The stock is down around 6% on Tuesday, trading at $30.42, and has dropped nearly 24% over the past week. The sharp decline follows an initial surge after the company raised $425 million in its IPO, pricing shares at $28 and valuing the firm at $3.3 billion before trading began.

On its first day, GEMI spiked to $45.89 before closing at $32 — a 14% premium to its offer price. But since hitting that high, shares have plunged more than 34%, erasing most of the early enthusiasm from public market investors.

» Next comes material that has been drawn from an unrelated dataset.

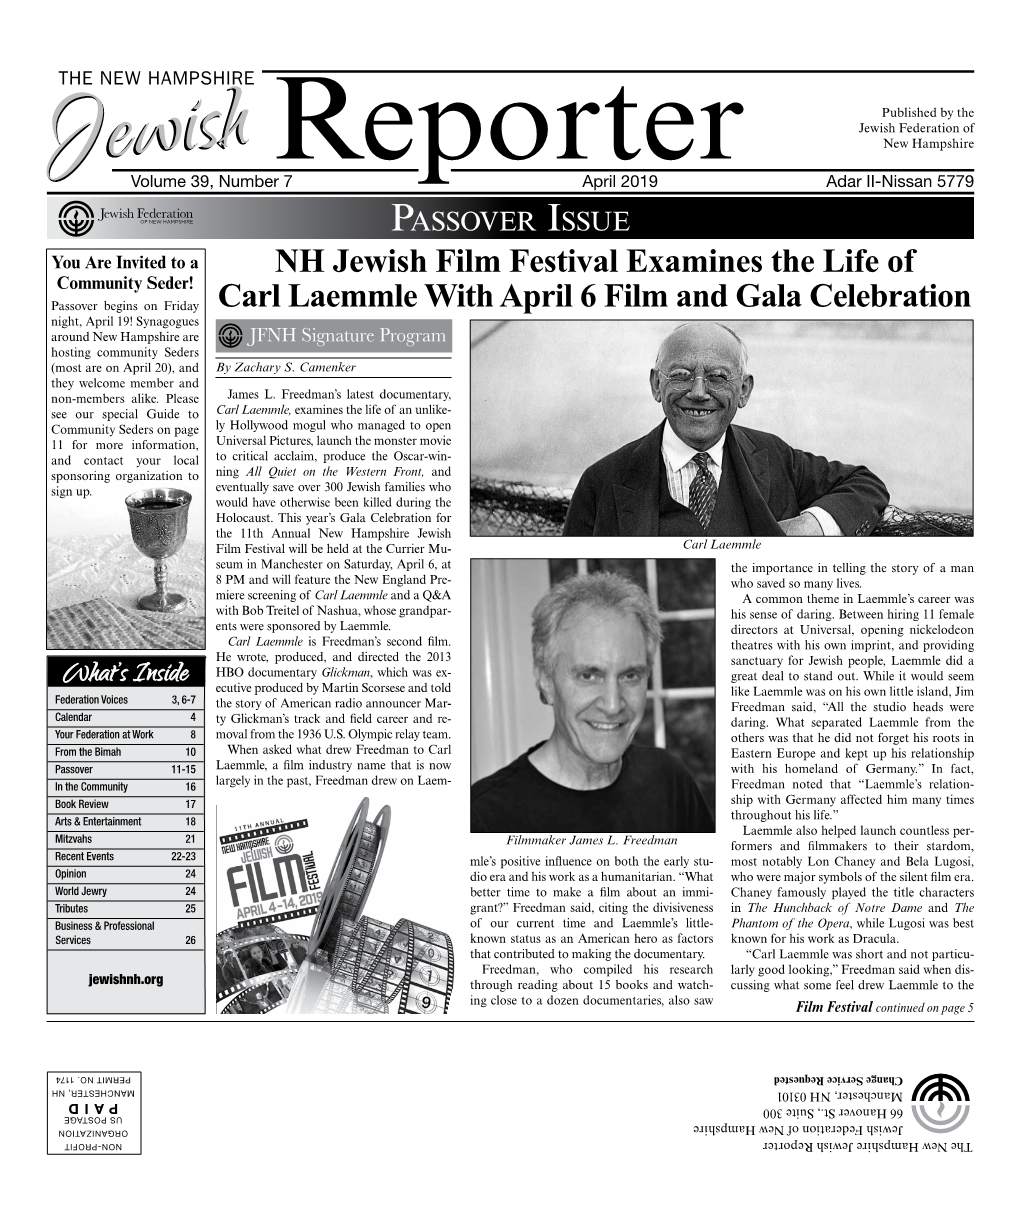 NH Jewish Film Festival Examines the Life of Carl Laemmle with April 6

The broader crypto equity market has remained more stable. Coinbase (COIN), the largest U.S. crypto exchange, is flat over the past week. Robinhood (HOOD), which derives part of its revenue from crypto, is down 3%. Token issuer Circle (CRCL), on the other hand, is up 13% over the same period.

Part of the pressure on Gemini’s stock may stem from its financials. The company posted a $283 million net loss in the first half of 2025, following a $159 million loss in all of 2024. Despite raising fresh capital, the numbers suggest the business is still far from turning a profit.

Compass Point analyst Ed Engel noted that GEMI is currently trading at 26 times its annualized first-half revenue. That multiple — often used to gauge whether a stock is expensive — means investors are paying 26 dollars for every dollar the company is expected to generate in sales this year. For a loss-making company in a volatile sector, that’s a steep price, and could be fueling investor skepticism.